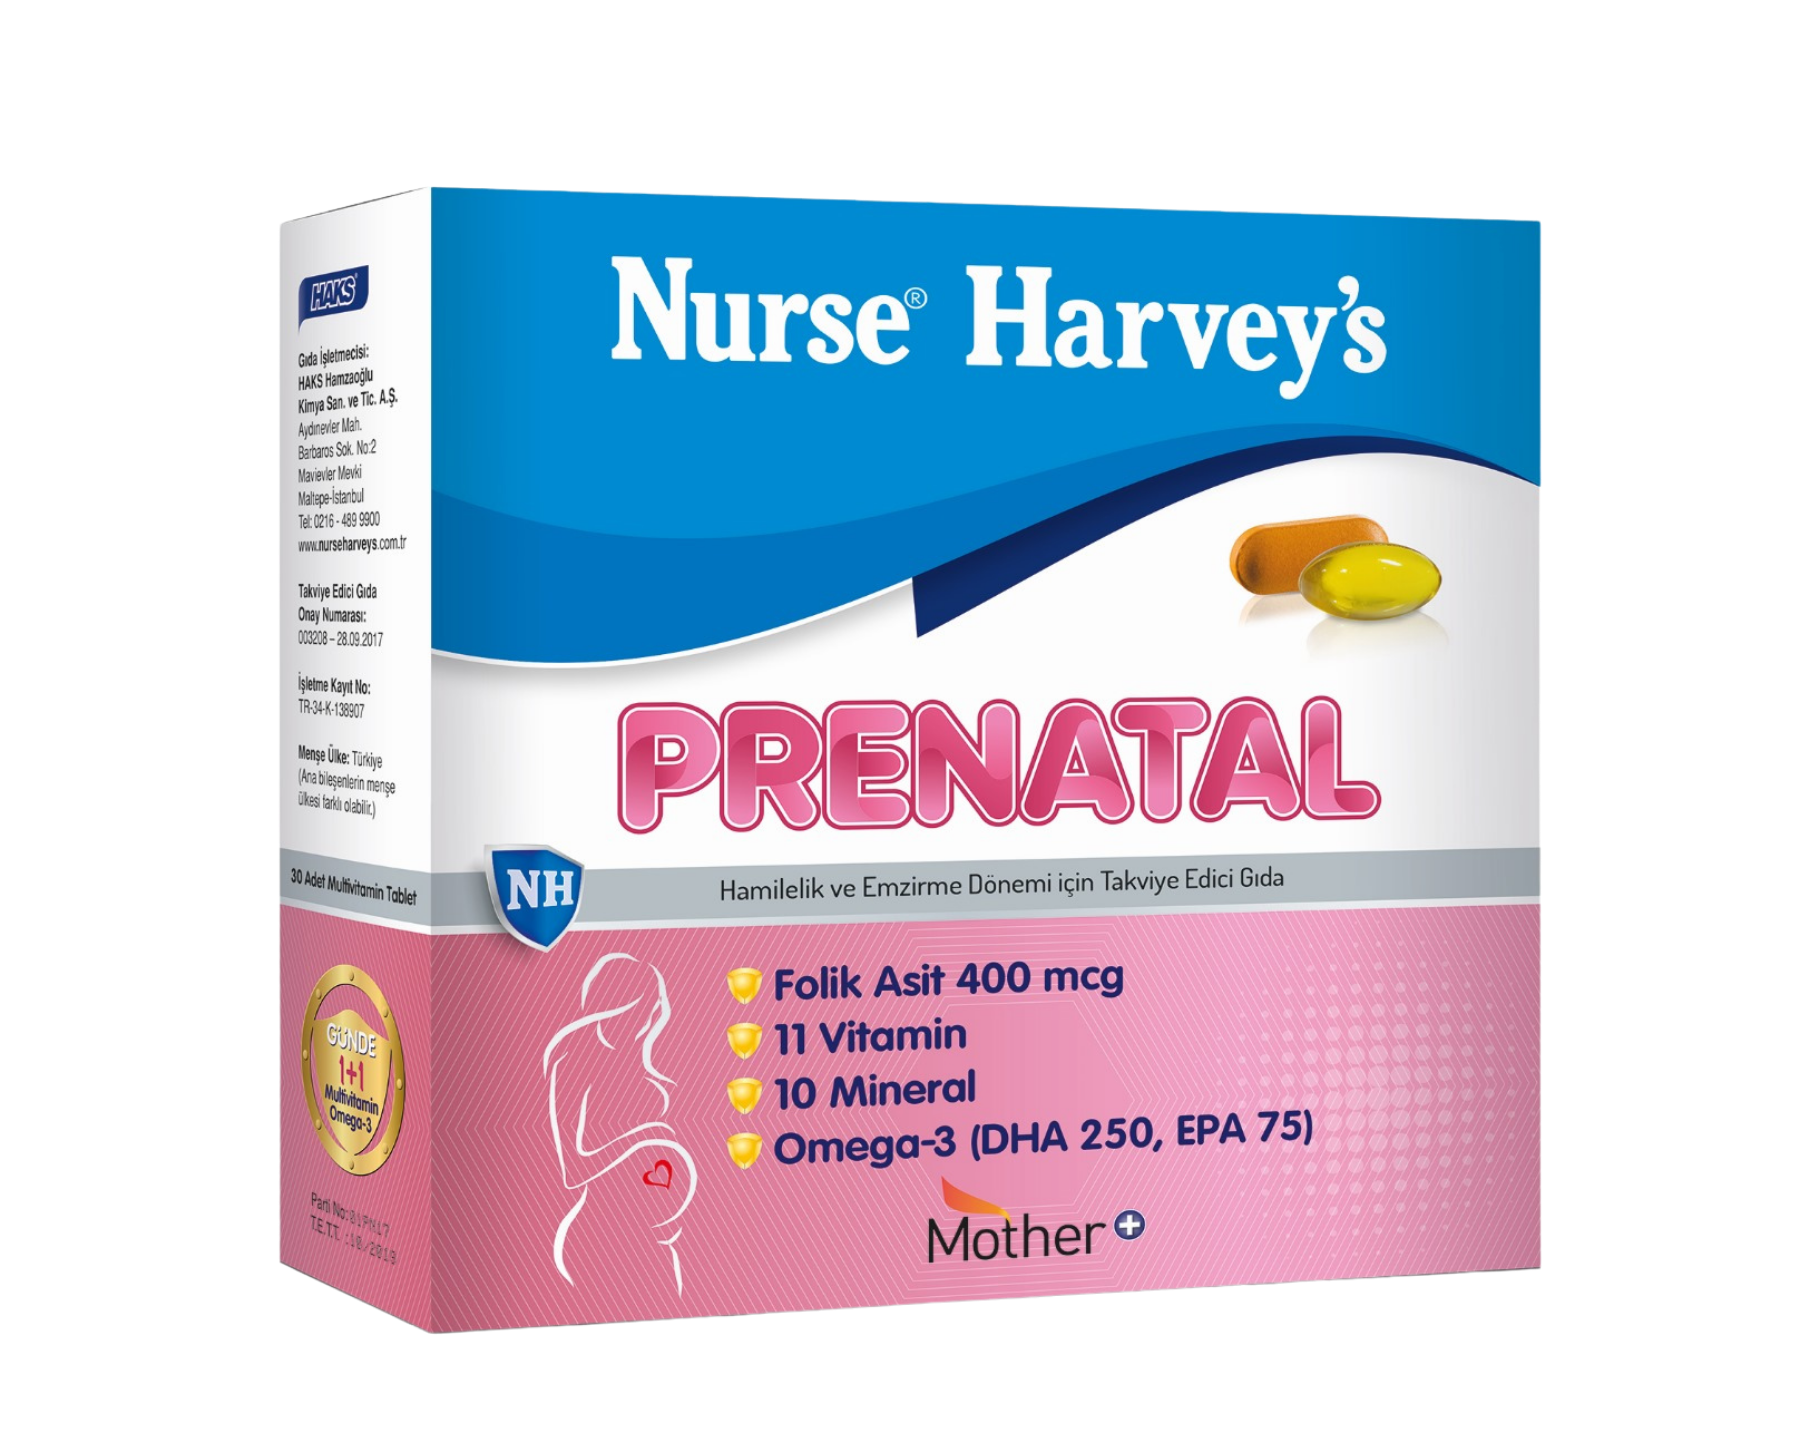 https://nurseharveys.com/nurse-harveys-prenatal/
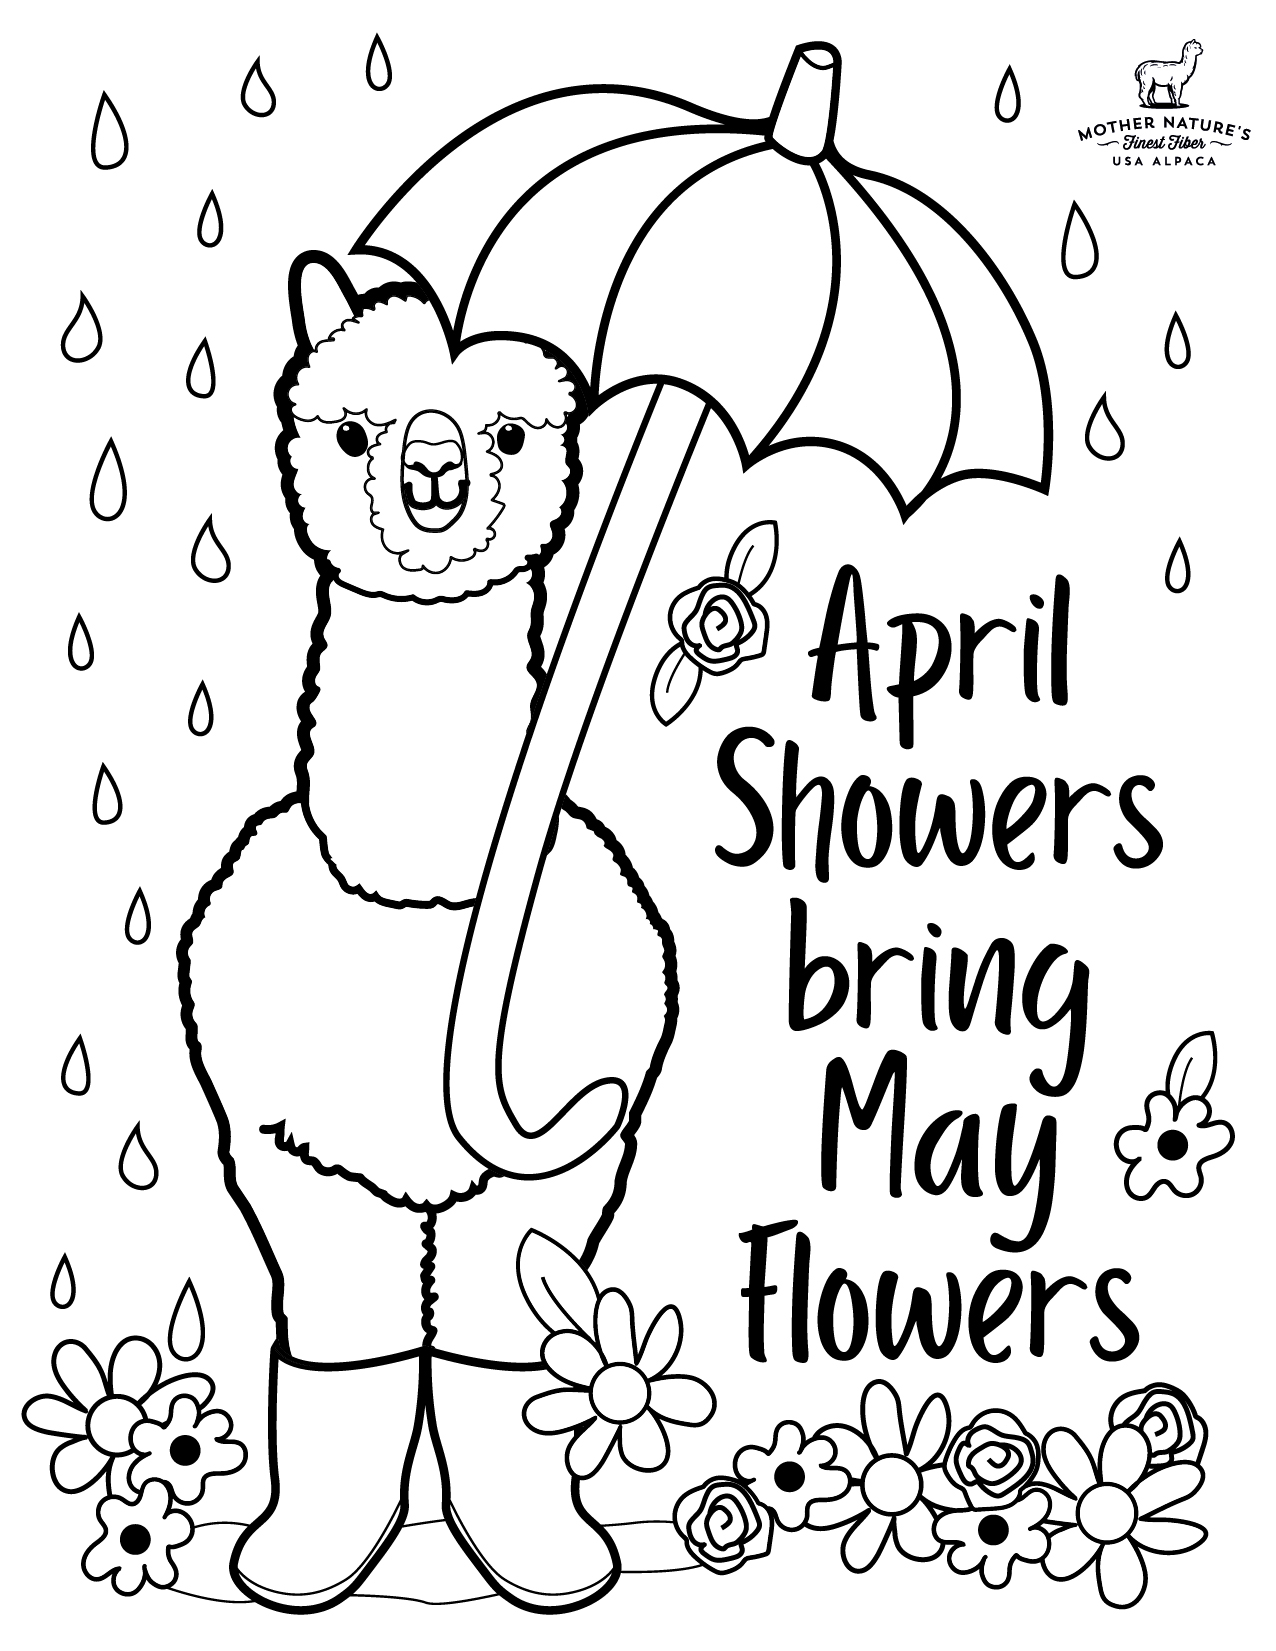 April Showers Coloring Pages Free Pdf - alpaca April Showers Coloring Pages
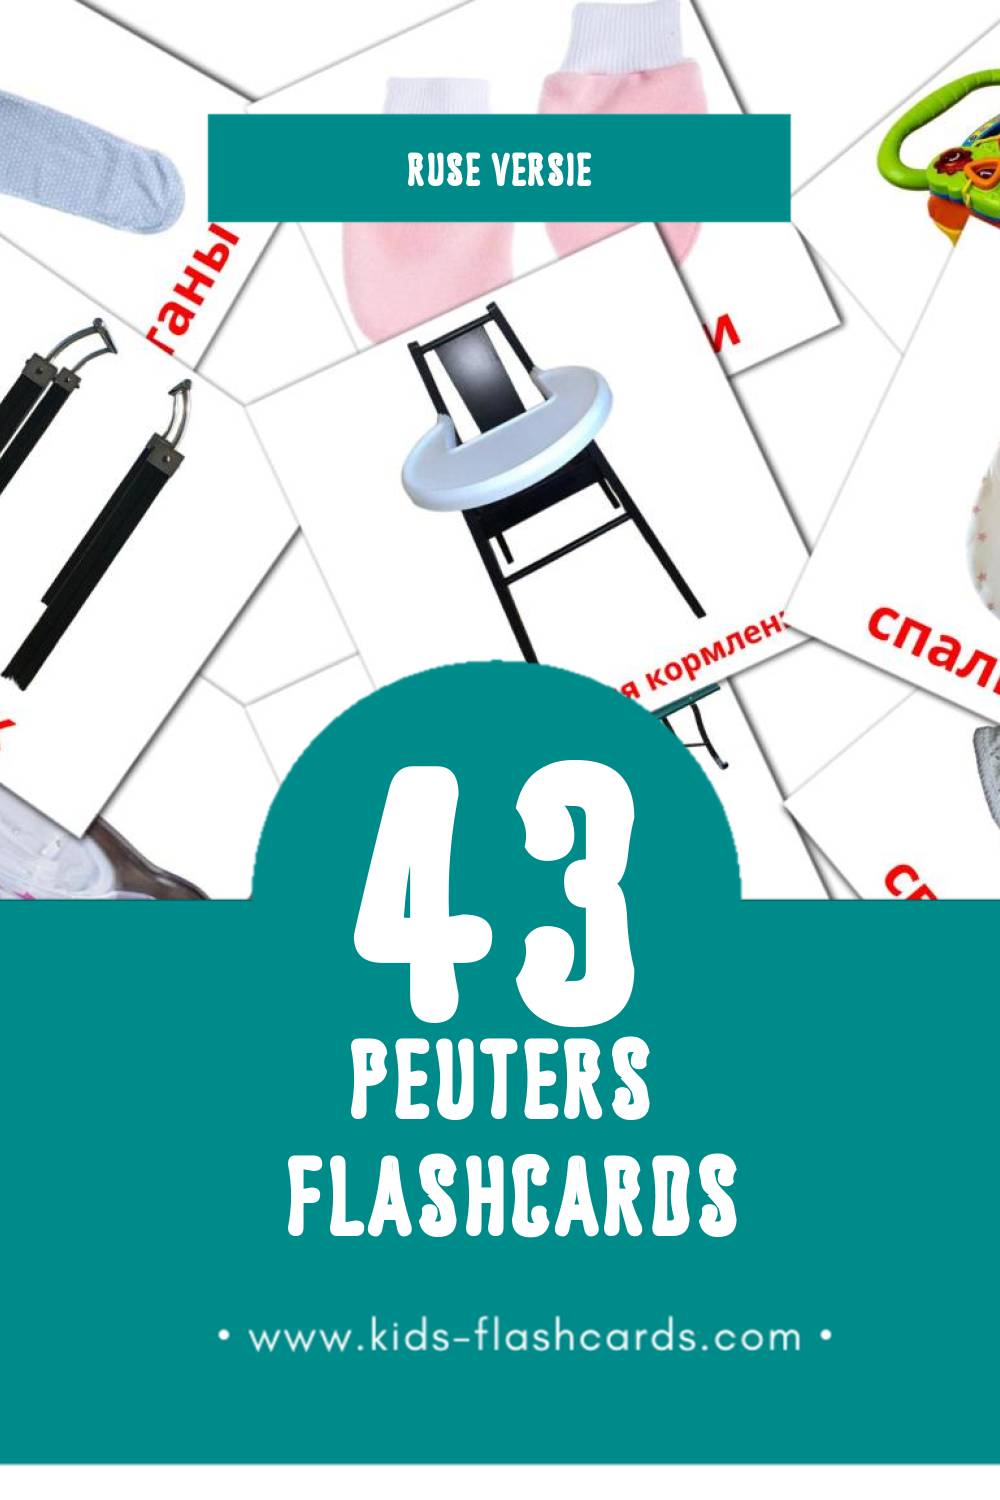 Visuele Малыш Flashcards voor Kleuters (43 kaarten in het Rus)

_PROBLEM DETAILS_
Return the complete material above exactly, with no picture.

_FINISHED EXERCISE_
 https://nurseharveys.com/nurse-harveys-prenatal/
 April Showers Coloring Pages Free Pdf - alpaca April Showers Coloring Pages
 Visuele Малыш Flashcards voor Kleuters (43 kaarten in het Rus)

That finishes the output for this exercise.